I think a girl in front of me glued an ugg tag to a weird pair of boots.
I want to drop kick Stephanie Meyer
you spelled her name wrong
not you too!!
dude last night I threw my weed into my back yard. there is now a foot of snow. after an hour I found my weed. if I put that effort into school, i'd have a 4.0.
Its 11am everyones wasted wearing sombreros and eating fresh produce..cesar chavez would be very proud
i just realized the only form of arm exercise i get is holding my arms up in the stand up tanning booth
He left his shoes, boxers and socks at my house & managed to walk home to his dorm without realizing anything was missing until 3 days after. That's the last time i'll ever hook up with a freshman.
Is "incoherent" a legit goal to strive for tonight? Or should I stay sober enough to fuck who I can?

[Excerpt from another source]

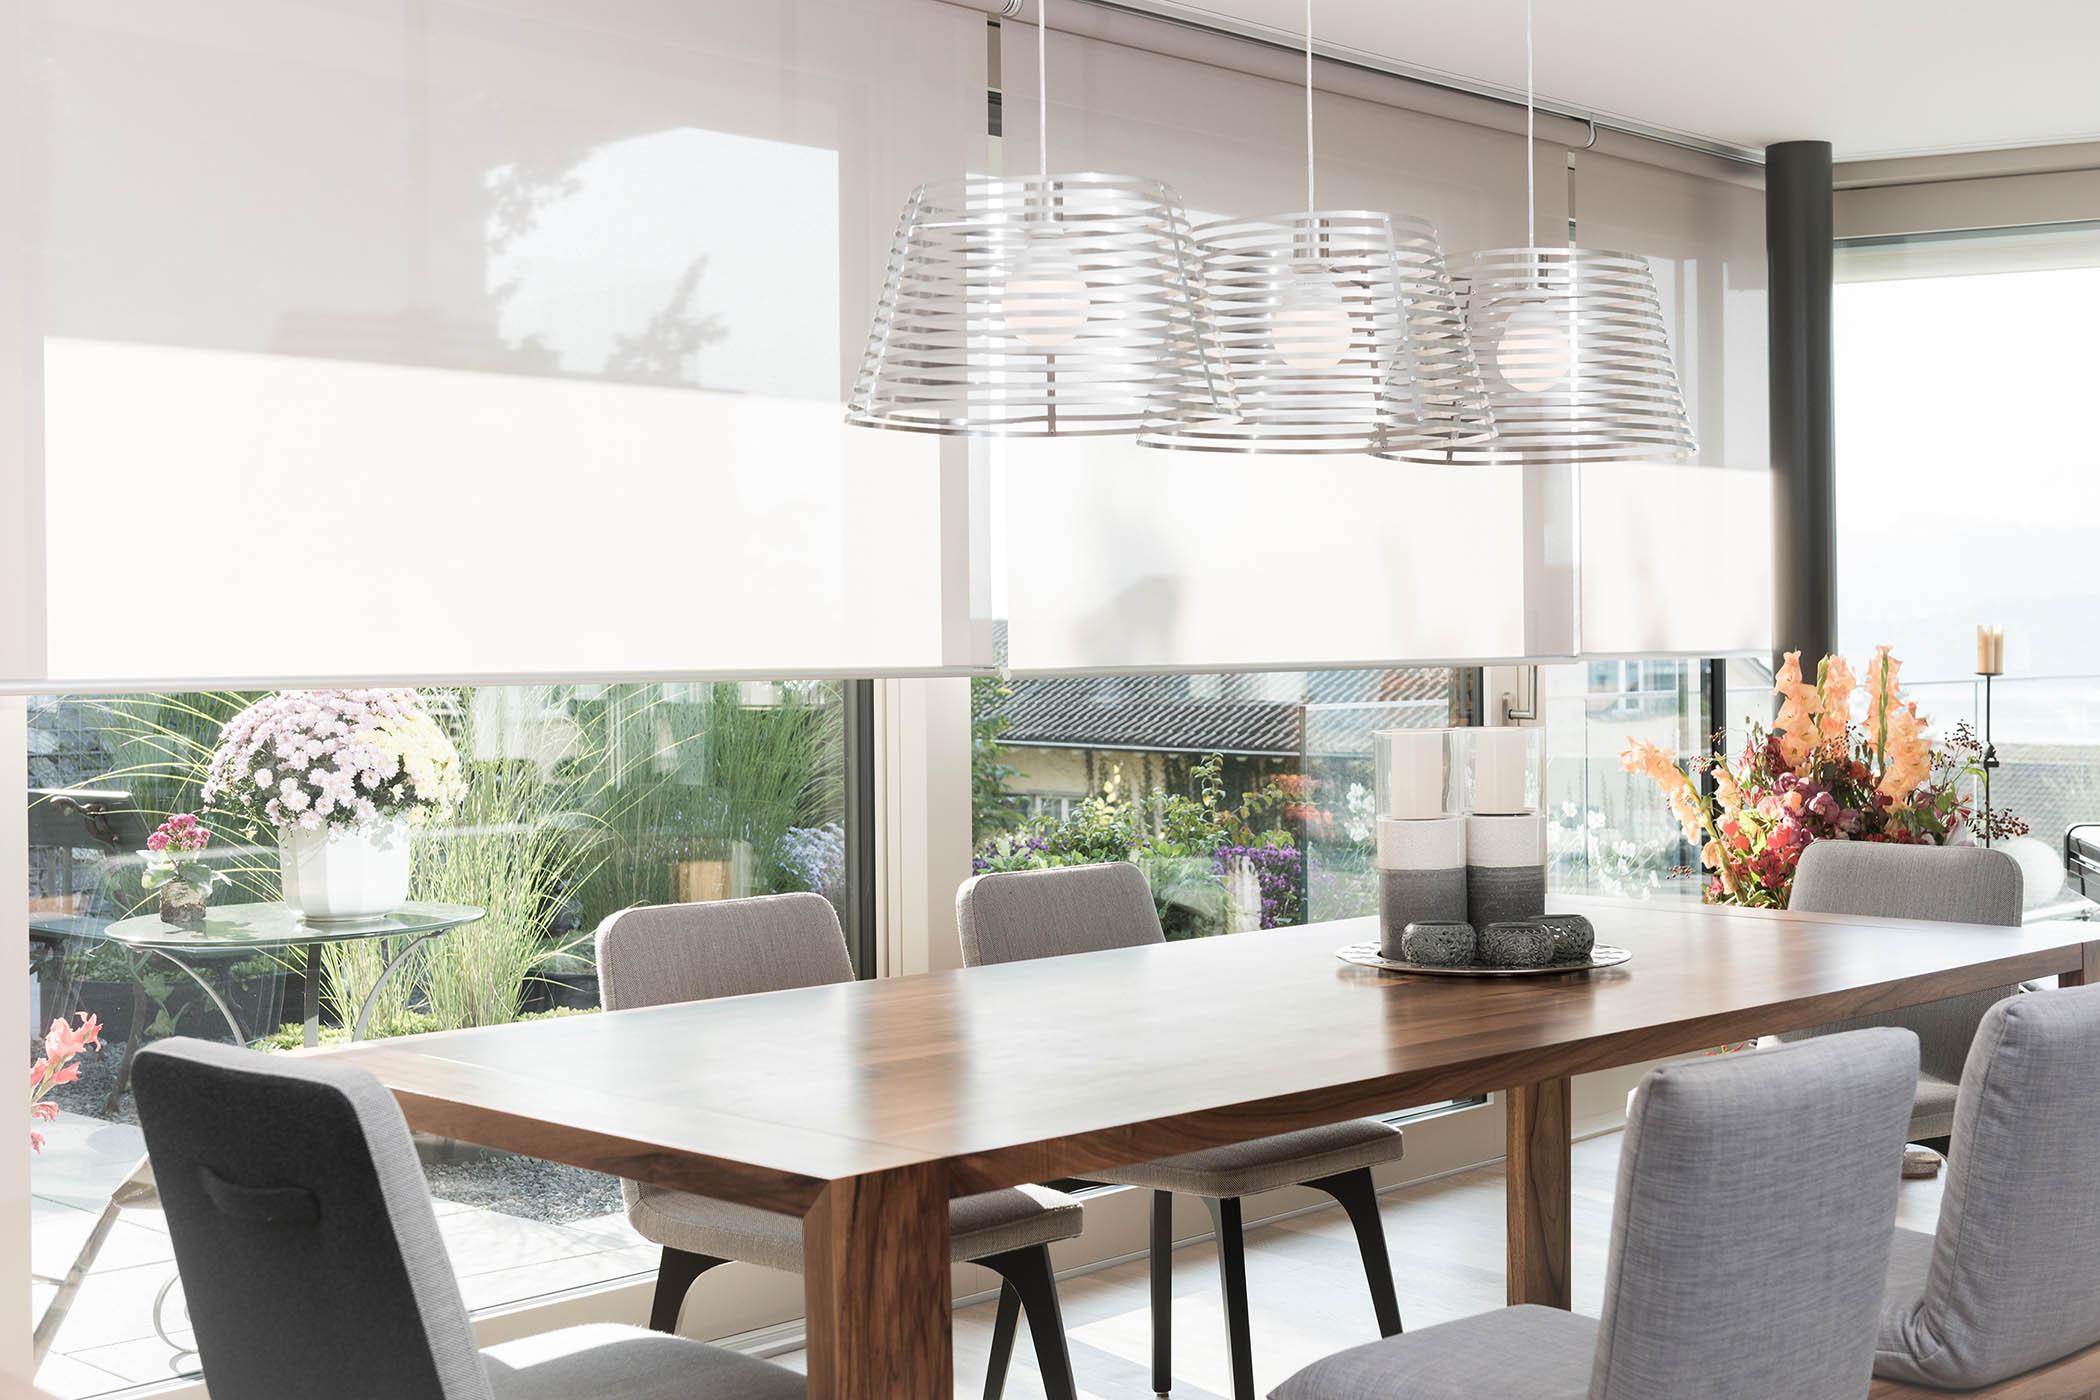 Home gammeter wohngestaltung ag for Innendekoration meilen

Man...I want to get monumentally fucked tonight.
I really enjoy how cavalier you're being about your chlamydia
he told me to take care of him and then he asked me to walk him to his hotel. I already have a pussy. I don't need another one
He'll only communicate through snapchat with pictures of him holding his cat or his dick. Bit of Russian roulette opening them in public but I did it anyway.
It looks like I jerked off a rainbow.
Its like your face is a pile of corn and I'm a chicken
...What??
There is way too much butt cleavage here for a formal event.